Let’s talk about the stigma. One would think being a creative comes with societal appreciation and adulation but far from it. In this part of earth, its quite the opposite. The average Nigerian Creative is seen by a lot of people as a failure, tagged lazy, an olodo, a person of lesser intellect. Should we describe the insults usually hurled at them?
Na poetry we wan chop? How many drawings you wan sell before you go buy car? You’ve been writing since 5 years yet you still stay with your dad, like, when will your writing pay? You want me to marry you, is it these paper ideas and plans our children will eat? Your mates are working in Chevron, you dey here dey say you be brand influencer. Mr Innovation, hunger go beat you scatter ehn, no go find job. App developer? hahaha, oga na cyber cafe you for open. Website developer when dey drink garri, you better sell your lapee or make you use am do yahoo.

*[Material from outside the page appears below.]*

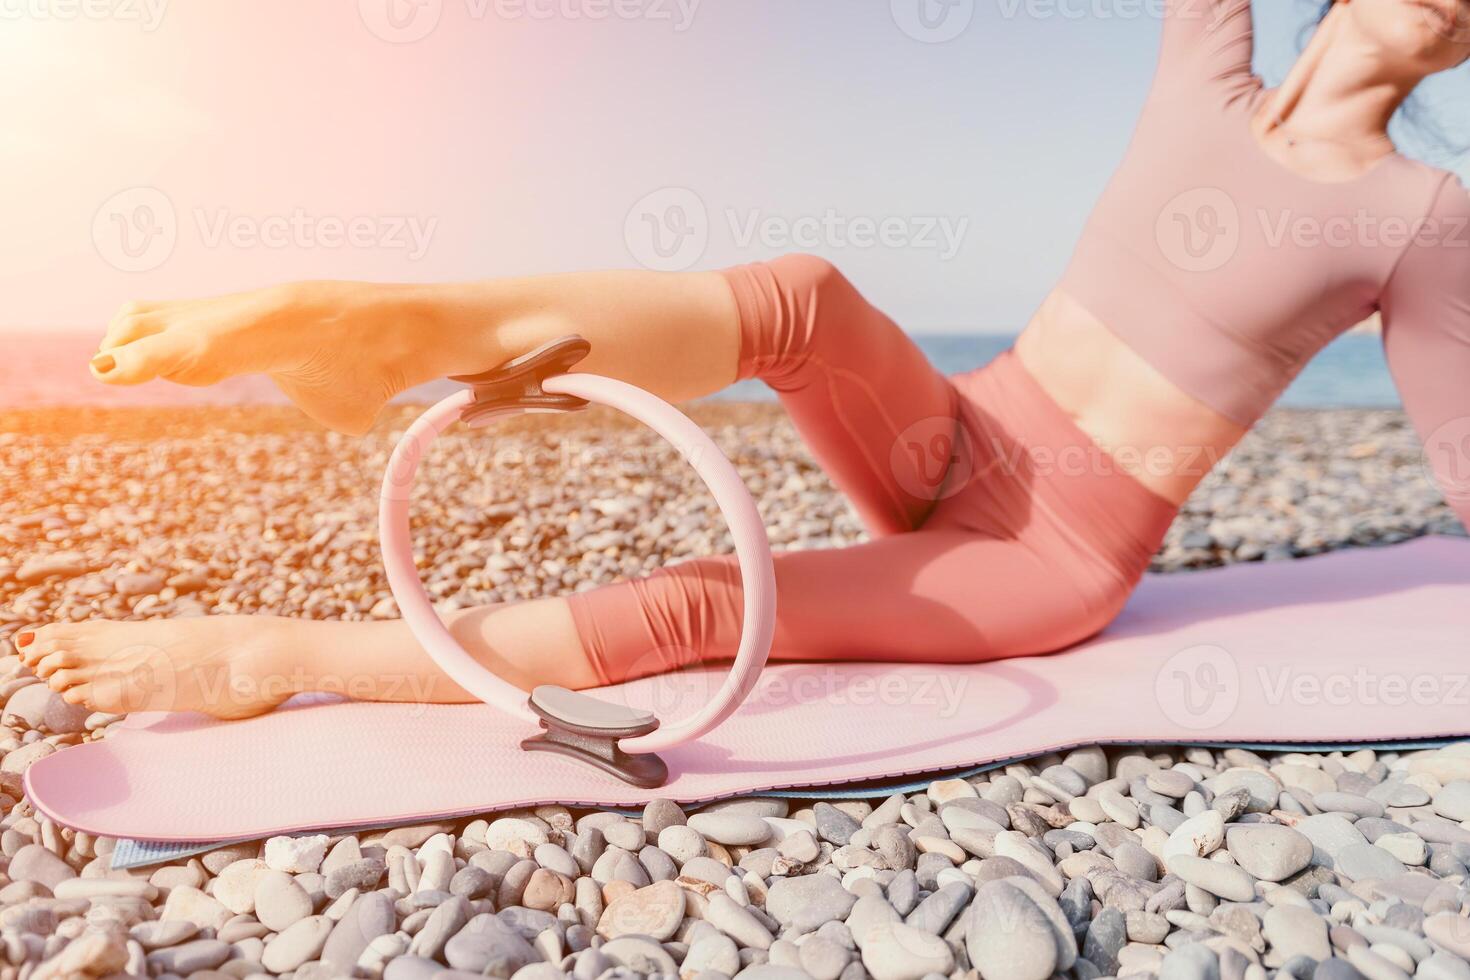 Frau Meer Pilates. sportlich glücklich Mitte alt Frau üben Fitness auf Strand in der Nähe von Meer, lächelnd aktiv weiblich Ausbildung mit Ring auf Yoga Matte außen, genießen gesund Lebensstil, Harmonie und Meditation foto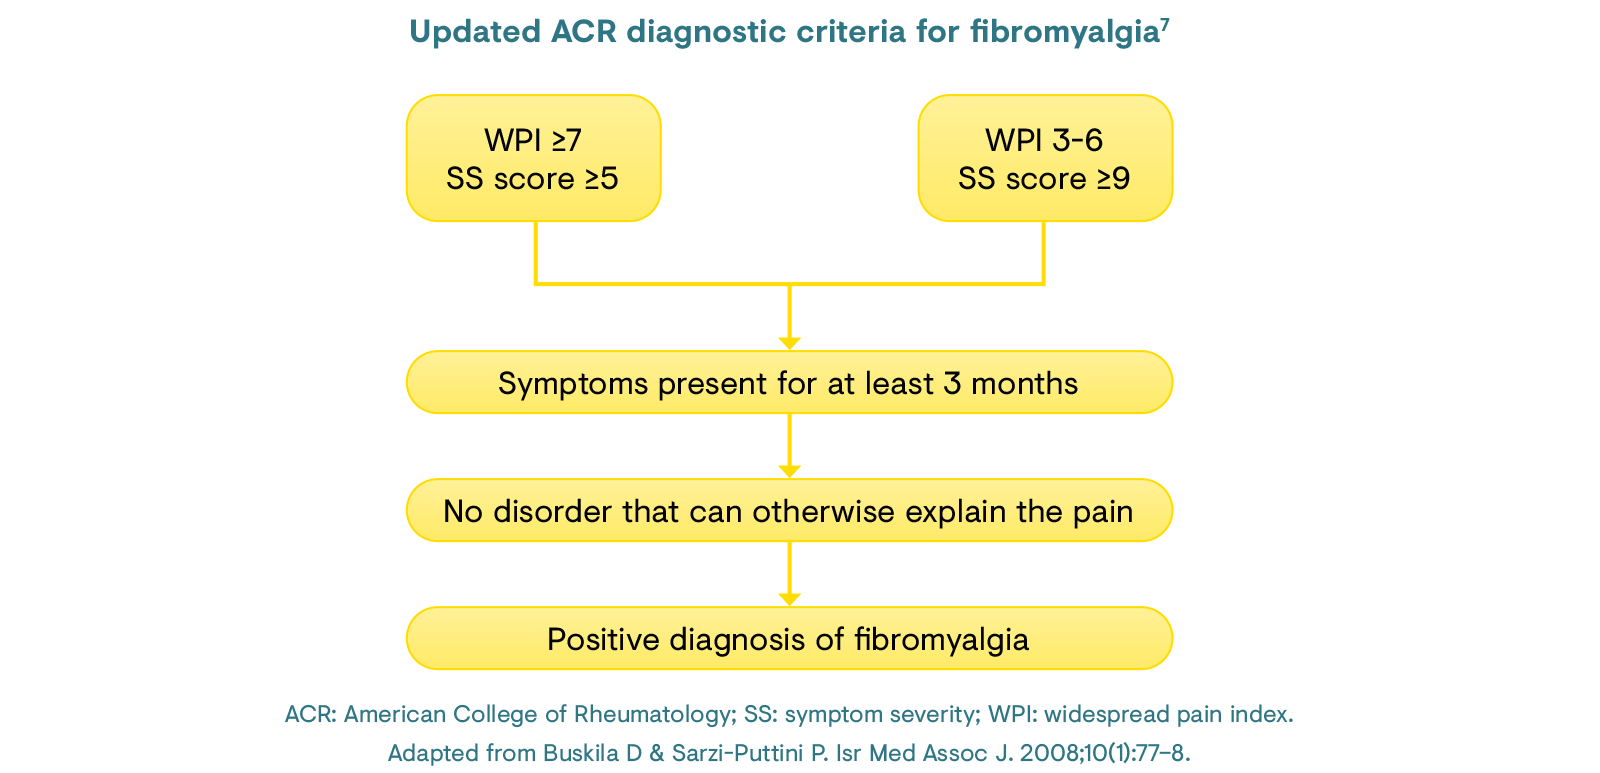 Updated ACR diagnostic criteria for fibromyalgia

Another problem is what I termed ‘abroad privilege syndrome’. Many investors have this rubbish mindset that the tech guys abroad are somehow smarter, that the abroad artists are somehow better than our local ones, that our poets, writers, engineers and all creatives are substandard and prefer out sourcing jobs outside the country. If my own countryman doesn’t believe in me, who will? Oyinbo?
The pressure that creatives go through is actually very burdensome and worrying enough, then top that with a country that is failing or at the brink of social, political and economic suicide and you have a rough idea of why Nigerian creatives sometimes give up on their ideas and sometimes, themselves. They result to making money by quicker, mostly illegal, means like cyber fraud, rituals, robbery, kidnapping and several other horrible vices. Some of them eventually end up dead or in jail. Wasted. Some others who were not evil-minded enough to result to these, and yet still sinking deeper from societal pressure, end up taking the seemingly less painful and quicker route; suicide. Our graveyards are littered with broken dreams and buried ideas. Tragic
This is not to target anybody, its just to show the world some of the challenges that creatives go through in Nigeria. The lot of us are struggling to keep up in an environment that spits on our works and scorns our resolve or beliefs in our ideas. If you’re one of those creatives going through tough times, I feel you, I understand you and believe me, our time will come. Whether here, Canada, UK, US, China or any other country that regards us, we will survive and we will breakthrough. We are Nigerian Creatives and we will keep fighting and hoping on our ideas, till our world is painted in the colors of our dreams.
Keep faith!!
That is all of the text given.